Nosso apartamento, 11h23.
O sofá a essa hora já deveria estar com o formato de meu corpo delimitado nas almofadas que o revestiam. A televisão, que estava parada em um canal encarregado de passar filmes, agora transmitia uma comédia. Os personagens riam escandalosamente de alguma piada, que talvez se eu estivesse em qualquer outro momento, poderia ter visto algum tipo de graça.
Meus olhos não conseguiam se fechar por muito tempo e eu não consegui dormir por uma noite inteira. Sempre que a escuridão provinda do fechamento de minhas pálpebras vinha à tona, eu apenas via Hoseok, e só de saber que eu não tinha qualquer posição sobre onde ele poderia estar me deixava enjoada de tanto nervosismo acumulado.
O princípio do filme era provavelmente espalhar uma essência feliz, mostrar como a vida é cheia que diversões aleatórias em meio às coisas monótonas, mas eu não conseguia me focar por muito tempo. Todo aquele amarelo, a cor simbolizante da alegria, não conseguia passar por cima do azul escuro que me revestia. Minha cabeça doía pela falta de descanso e meu corpo estava dolorido pelos músculos tensos. O interior de minhas bochechas tinha aos poucos as pelinhas arrancadas, e por agora apenas havia dor quando os dentes pressionavam o local.
Nada naquele momento fazia sentido. Hoseok teria me avisado caso fosse passar a noite fora, mas não fez isso. Ele realmente não havia atendido às minhas chamadas, não deu noticias para Jungkook e nem sequer deixou uma mensagem de “Estou bem”.

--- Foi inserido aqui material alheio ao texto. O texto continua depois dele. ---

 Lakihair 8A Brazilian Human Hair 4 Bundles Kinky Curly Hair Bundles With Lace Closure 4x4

Não conseguia entender se ele estava bravo ou triste, como Jungkook havia me dito ontem pelas mensagens. Eu apenas queria ter noção do que estava acontecendo, do que ele poderia estar pensando naquele momento. Meus dedos inquietos começaram a cutucar uns aos outros e foi em meio a pensamentos preocupados e olhares sem foco nos dedos que senti falta de algo: O anel de compromisso que o Jung havia me dado.
Meu cenho se franziu e meu corpo se pôs a ficar sentado no estofado cinza. Naquele momento eu havia conseguido arranjar algo que conseguisse me distrair dos pensamentos incessantes ligados a Hoseok.

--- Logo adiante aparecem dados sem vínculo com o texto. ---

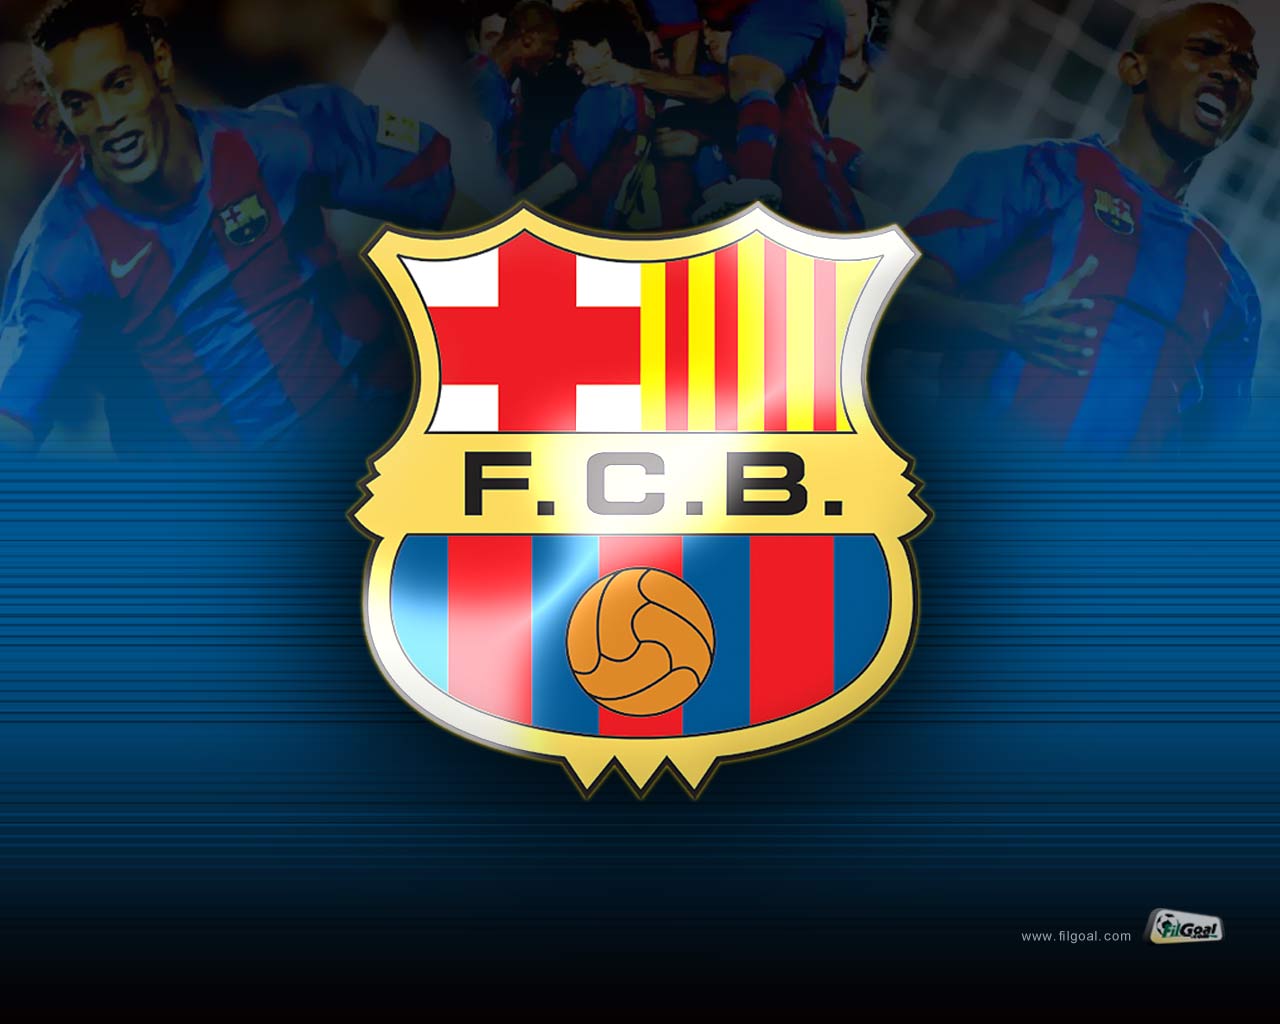 FC Barcelona Wallpapers fc barcelona 484411 1280 1024jpg 1280x1024

Tentei lembrar-me se em algum momento havia o tirado para tomar um banho, ou quem sabe para cozinhar alguma coisa, mas nenhuma lembrança me vinha à cabeça. Foi de tanto forçar a mente que a imagem de Jimin pegando-o no dia em que fomos ao jogo de boliche veio à tona. Engoli em seco ao me tocar de que ele não havia me devolvido, e após tantos dias se passarem e eu não havia me tocado do vazio ao redor do meu dedo anelar.
Minha mão alcançou o celular e no momento em que abri a aba de mensagens que usava para conversar com Jimin, um barulho característico de metal friccionando com outro metal se fez presente no local. Meu rosto se virou na direção da porta principal do apartamento, e foi completamente visível de eu não estava em um sonho efêmero. A maçaneta da porta estava claramente se mexendo, ao contrário do meu corpo, que não se mexia.
A porta, então, rangeu e deu espaço para que um homem com um sobretudo bege adentrasse o cômodo com uma alça longa de uma bolsa de couro agarrada ao ombro. A cabeça tornou a virar-se para mim, deixando evidente a face, cuja qual pensei por toda a noite sem parar. Seus olhos pareciam perdidos e ficaram pouco tempo olhando os meus. Ele desviou-os até algo um pouco mais baixo que meu rosto, e depois virou seu corpo em direção à entrada, retirando a bolsa do ombro para colocá-la no pequeno conjunto de ganchos que existia atrás da porta.
Minhas pernas fracas se esforçaram para aguentar o peso de meu corpo e esperar que Hoseok se virasse para mim, e assim falasse da forma mais adequada comigo, porém algo que eu nunca poderia esperar era que ele simplesmente ignorasse minha presença e seguisse seu trajeto até à cozinha.
— Então é assim? Você some por uma noite inteira, enquanto eu fico aqui plantada no sofá esperando qualquer notícia sobre você, e agora você simplesmente me ignora? — Segui seus passos até o outro cômodo e parei logo na entrada, vendo-o caminhar lentamente até à geladeira, pegando uma garrafa de vidro esverdeada com água em seu interior.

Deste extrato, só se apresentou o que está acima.